I think it's fair to say that only a fellow TN sufferer can know the unique combination of incredible pain and emotional uncertainty that are the hallmarks of TN. Starting with figuring out what's wrong with you the first time you have a TN attack that you think may be a root canal problem to finally coming up with the progression of professionals and treatment plans that are needed to manage TN, I don't know of a more frustrating, yet non-lethal chronic pain disease than TN. When I try to explain it to non-sufferers, I tell them it is like "having an excruciating kidney stone attack in my mouth, multiple times a day that just takes you down, sometimes literally it just hurts so much" It also reminds me of having a needle shot of novacaine directly to your nerve, instead of intramuscularly.

TN, in it's more advanced forms. is disease where the level of medication gets so high that you are really incapacitated from doing anything else useful, which also is unusual. However, one of the most difficult challenges for me in Oct. of 2002 when I first became symptomatic was 1) getting the right "differential diagnosis" 2) finding accurate information I needed to myself.

Fortunately a local neurologist here had me do some drug trials with Neurontin that determined I probably had TN, which was later verified by Dr. Henry Gremillion at the truly outstanding McMahon Facial Pain Center at the Univ. of Florida/Shands Hospital. During that time, I spent alot of time "googling" my symptoms and problem on the web, which is where I found the TNA. I immediately order the Striking Back! book which immediately became my bible and "user's manual" from then on in both understanding and seeking help in the right places for my own situation.

The combination of advice and experience that Alana, the TNA nurse practitioner was able to share with me combined with the MVD patient referrral list I was able to interview (all 21 of them) before deciding to have a 7 hr. macro vascular decompression surgery in April of 2005 at Mass General were by far the most valuable resources in my fight against TN.

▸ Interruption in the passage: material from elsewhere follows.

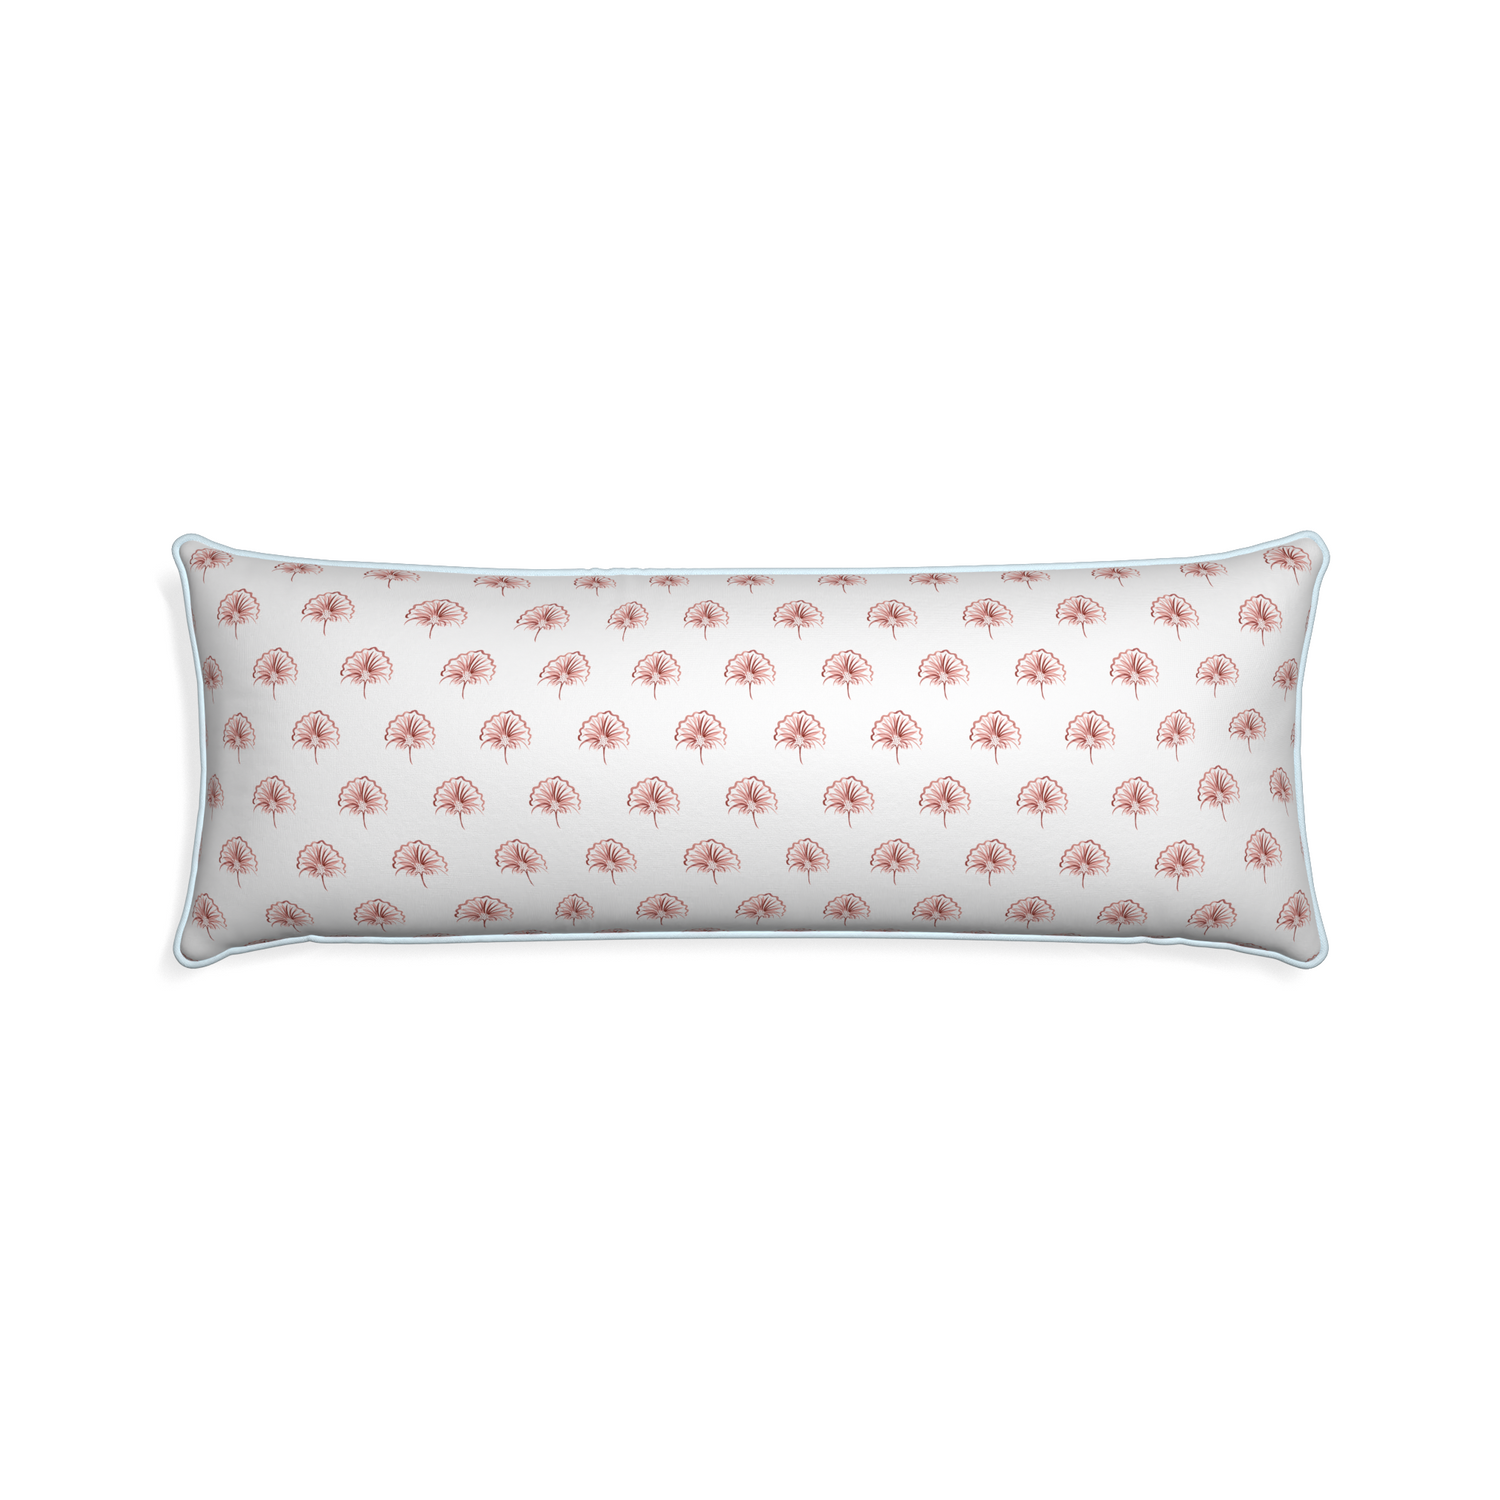 Xl-lumbar penelope rose custom pillow with powder piping on white background

I had 25 separate appointments with probably half as many different dentists, endodontists, acupuncturists (didn't work at all), pain mgmnt doctors, facial pain specialists, and neurologist before I found my own effective treatment solution. I found, like I'm sure many reading this have that the average dentist's and local neurologist knowledge on TN is a mile wide and 2 inches deep and that unfortunately the best TN knowledge has been "silo-ed" with what seemed to be a handful of top doctors, none of which were geographically convenient for me, however as any sufferer knows, nothing was going to stand between me and accessing effective treatment.

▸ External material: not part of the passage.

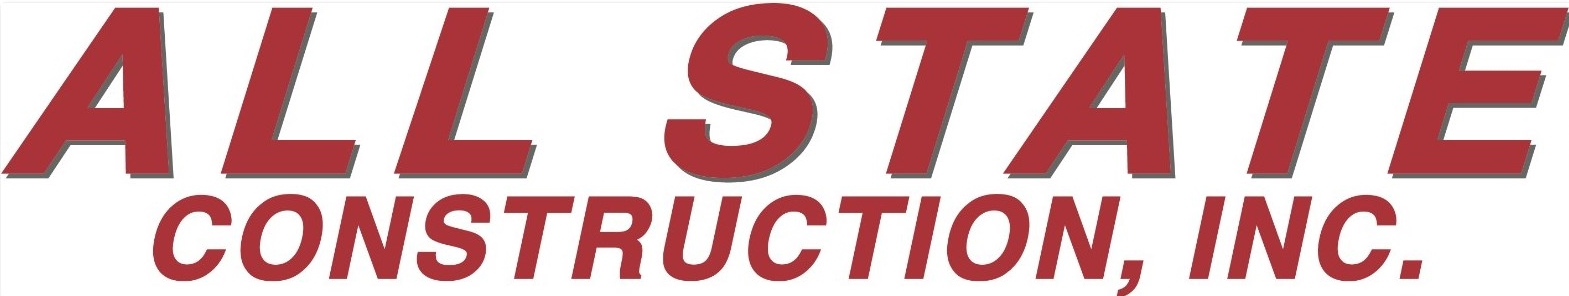 All State Construction, Inc. Company Logo

The Trigeminal Neuralgia Association was, and is, by far the single most important information and human resource that helped me accomplish my treatment goals. My own personal goal as a TNA trustee is to find even more productive ways for TNA to "get the word out" to sufferers, who may not even know they have TN, and help all of those who do to quickly get access to the best available evaluation and treatment resources. Fortunately, the web, coupled with our "help-line" and fabulous support groups gives us enormous leverage in this fight.

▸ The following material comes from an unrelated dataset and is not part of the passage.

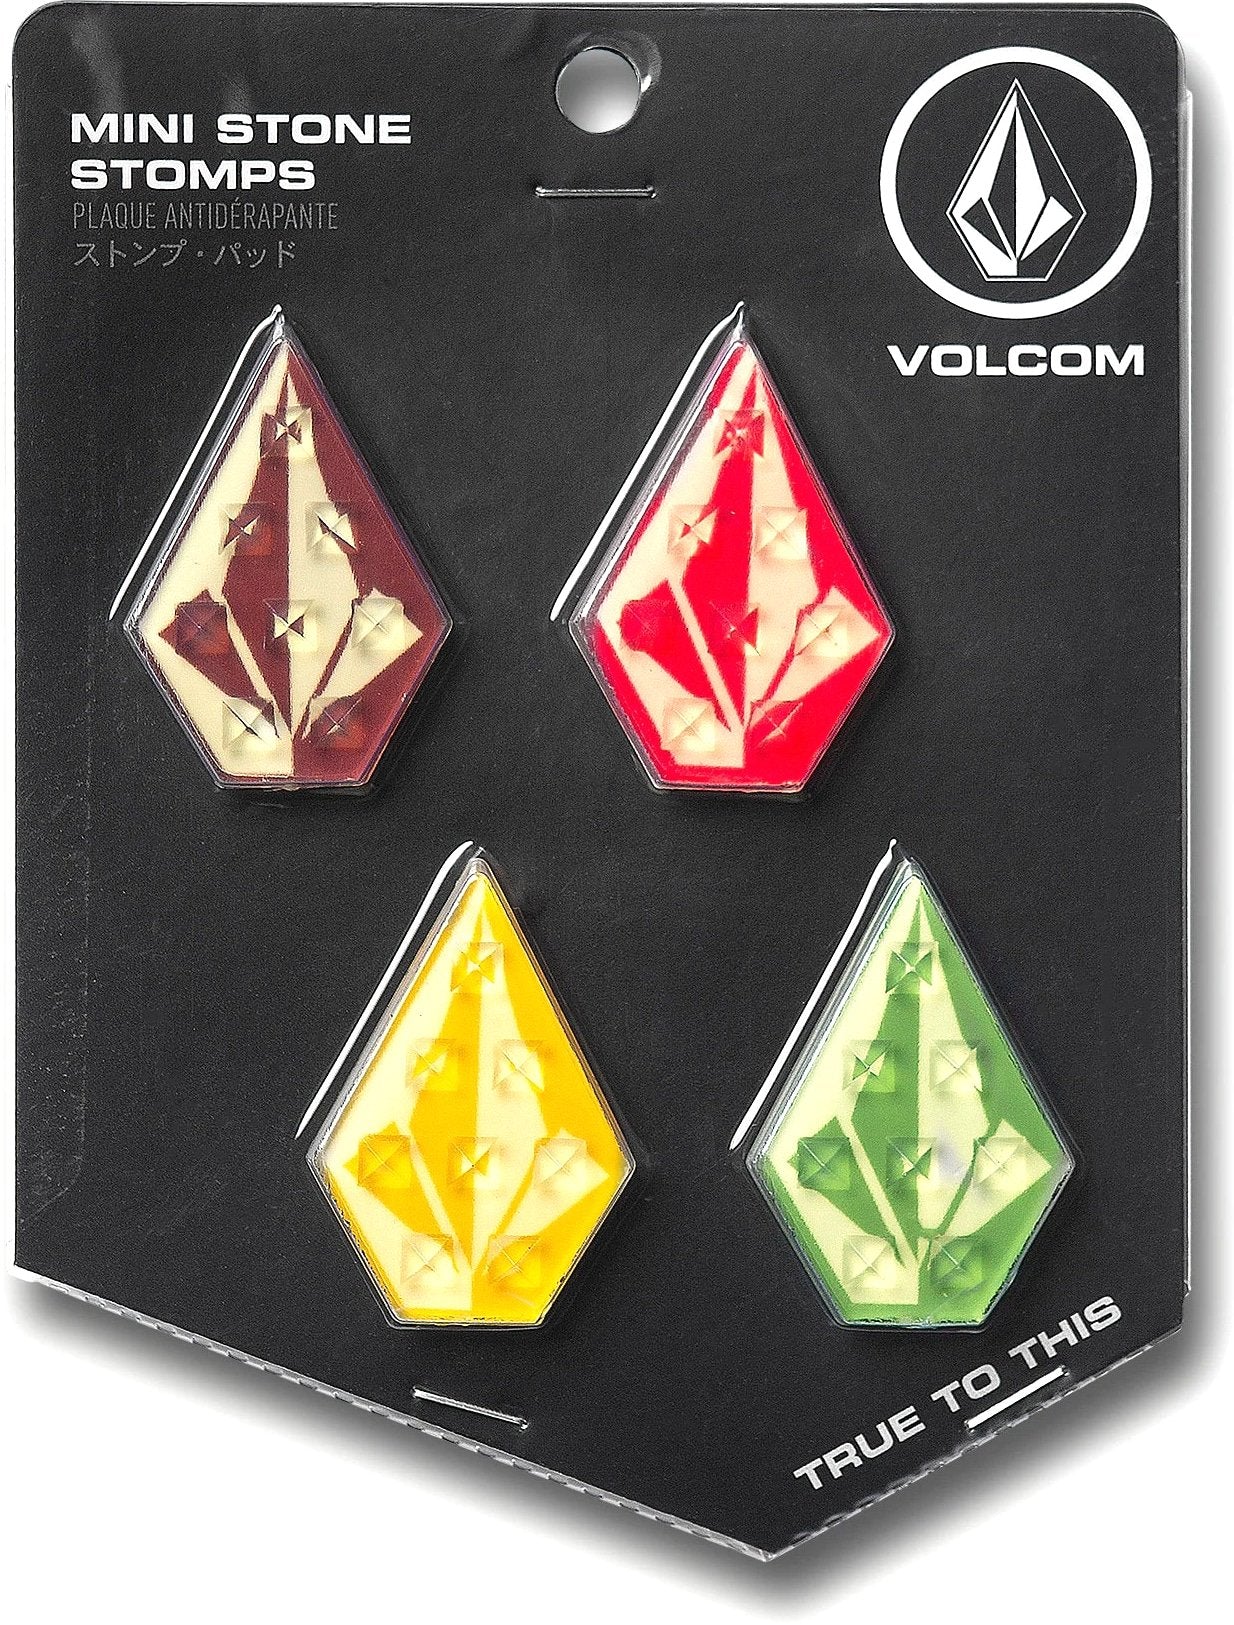 Multi Colored Mini Stone Volcom Stomp Pads

As for me, I was pain-free for 15 months after my March 2005 MVD and then had a significant recurrence which I treated with a successful RF Rhizotomy, again at Mass General , last December of 2006 and am now completely pain-free, however I think it is incumbent on those of us that are in a position to help and "give back", whether that be financial, donating relevant organizational and leadership skills and through support groups and patient reference list to help each other and those who are just beginning or are in the middle of their illness, as no one but a fellow TN sufferer knows what we go through which makes our support of each other, and of TNA, so incredibly important.